By | Published on Friday 24 March 2023

Jimi Hendrix

Sony Music again this week argued that a copyright dispute with former members of the Jimi Hendrix Experience should be pursued in the courts in New York not London.

Lawsuits have been filed on both sides of the Atlantic, but – Sony’s legal rep said – the US case should be prioritised, because the outcome in that will “save time, money and resources” when it comes to the UK litigation.

This dispute is between Sony Music and the Jimi Hendrix estate on one side, and UK-based companies representing the estates of the other two members of the Jimi Hendrix Experience band – Noel Redding and Mitch Mitchell – on the other.

The latter claim they control rights in relation to the Experience catalogue which are being infringed by the Hendrix estate and its music distribution partner, which is Sony Music.

The Hendrix estate counters that, after Hendrix’s death in 1970, both Redding and Mitchell signed agreements via which they basically gave up any copyright or royalty claims in relation to recordings made by the Jimi Hendrix Experience in return for “significant monetary consideration”.

Neither Redding nor Mitchell ever subsequently raised any issues with those agreements while they were still alive.

But the Redding and Mitchell companies argue that the 1970s agreements didn’t actually see the two musicians assign any rights and only related to revenues generated by the recordings at that time, which obviously didn’t include any digital income.

Anticipating that the Redding and Mitchell companies were prepping legal action in the UK, the Hendrix estate and Sony Music filed legal action in New York seeking court confirmation that the 1970s agreements were still in force. The Redding and Mitchell companies then subsequently filed their own lawsuit with the courts in London.

Sony wants the UK case stayed pending the outcome of the US case. The Redding and Mitchell companies say that a legal battle involving British musicians enforcing rights under British copyright law shouldn’t have to wait for a US court to go through the motions.

But Sony and the Hendrix estate say that the dispute here is really about the 1970s contracts, which were signed under American law.

The major also contends that insisting that the UK litigation should advance without obtaining a clear understanding from US courts about the implications of the 1970s contracts within the context of the modern music industry – while concurrently attempting to apply UK and European copyright laws to agreements under US jurisdiction – is neither efficient nor fair.

In the latest court hearing to consider those respective arguments, Sony Music’s legal rep Robert Howe said – according to Law360 – “this is a case where the New York court should be given due deference to proceed with and try the issue about the meaning and effect of the [1970s agreements]”.

“You will have a definitive ruling on what rights the estates have, and that will save time, money and resources here”, he added. “It is throwing sand into the eyes of the court to say that the releases must accept concepts of consent from EU law”.

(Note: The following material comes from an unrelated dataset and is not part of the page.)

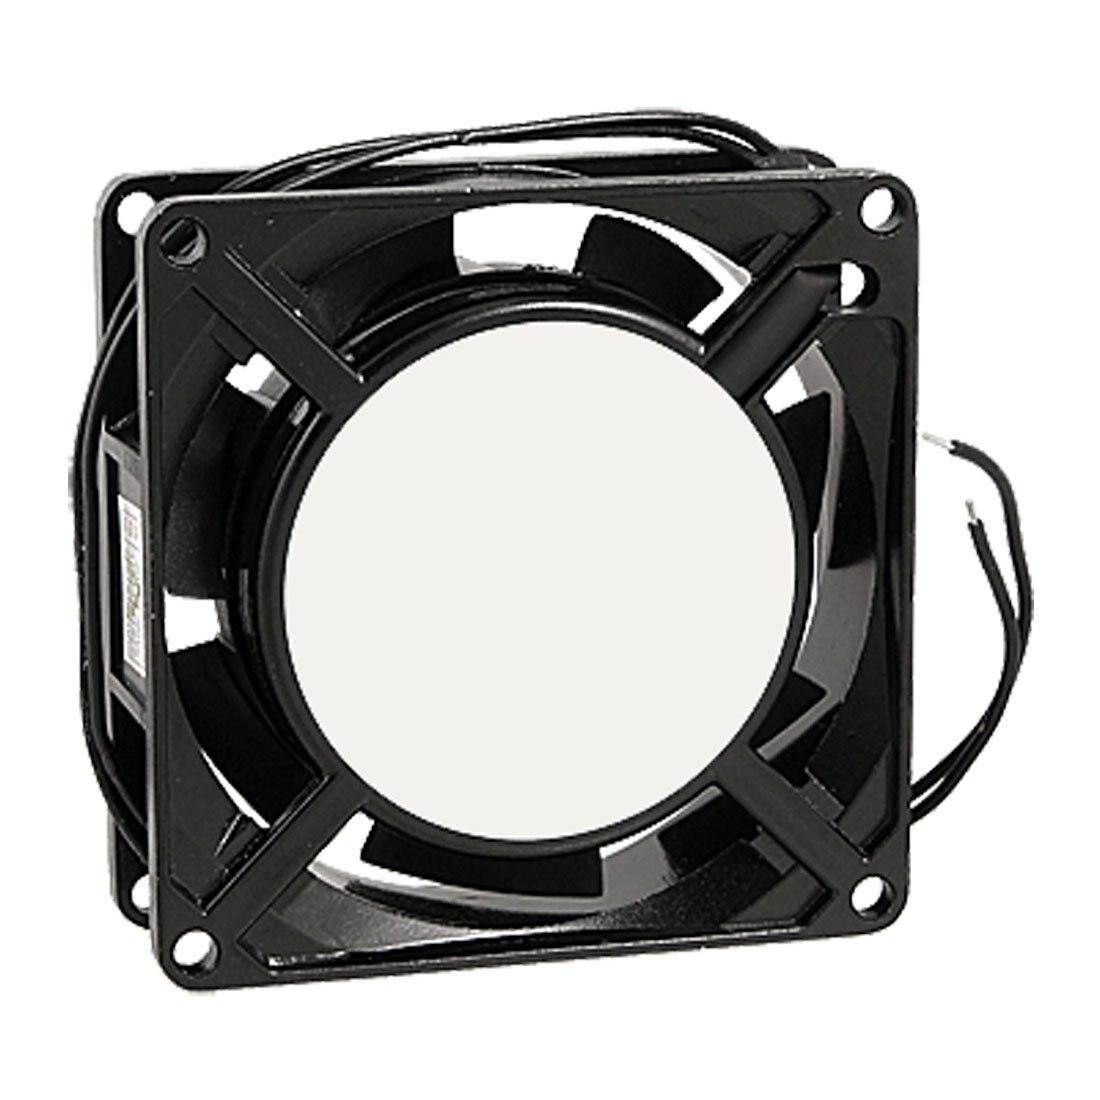 Élimination de la chaleur 80x80x25mm AC 220-240 V Axial Refroidisseur Ventilateur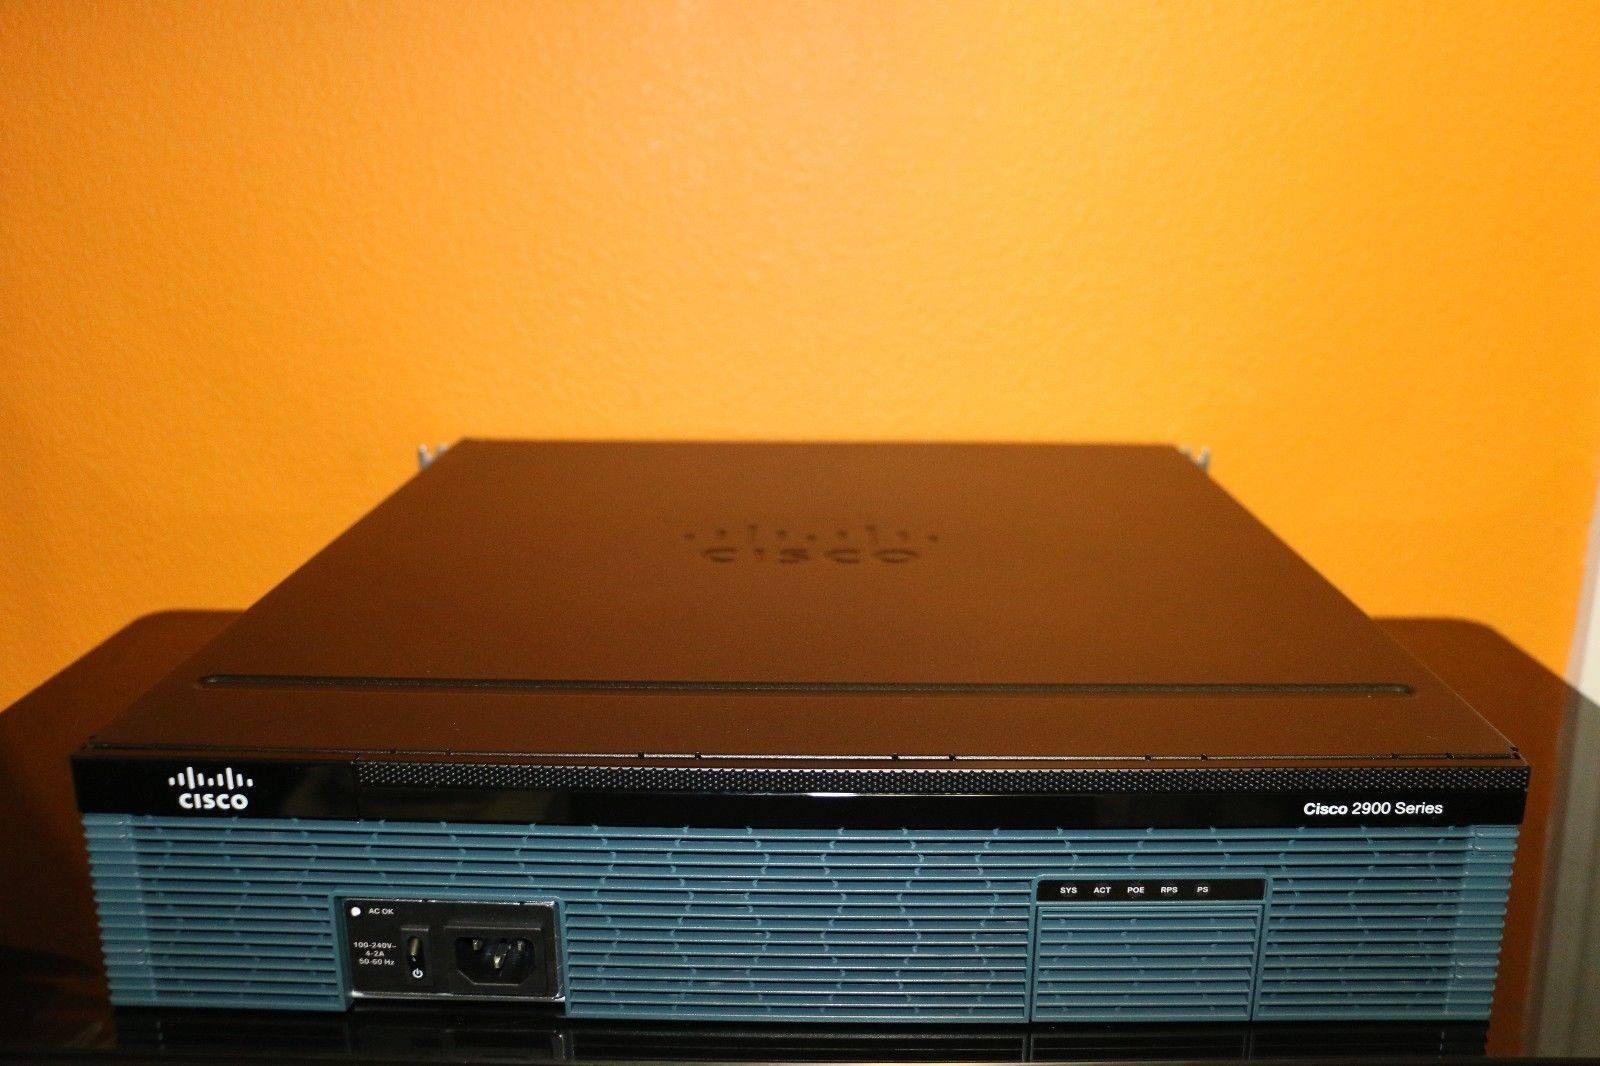 C2921-CME-SRST/K9 cisco router

Meanwhile, the legal rep for the Redding and Mitchell companies, Simon Malynicz, again stressed that digital exploitation of the Hendrix recordings was out of the scope of those old contracts, while adding: “There’s something unattractive about the New York court deciding the copyright claim of citizens of the UK purely because of the convenience of the US parties”.

Judge Edwin Johnson is expected to rule on whether or not the UK case should be stayed by late April.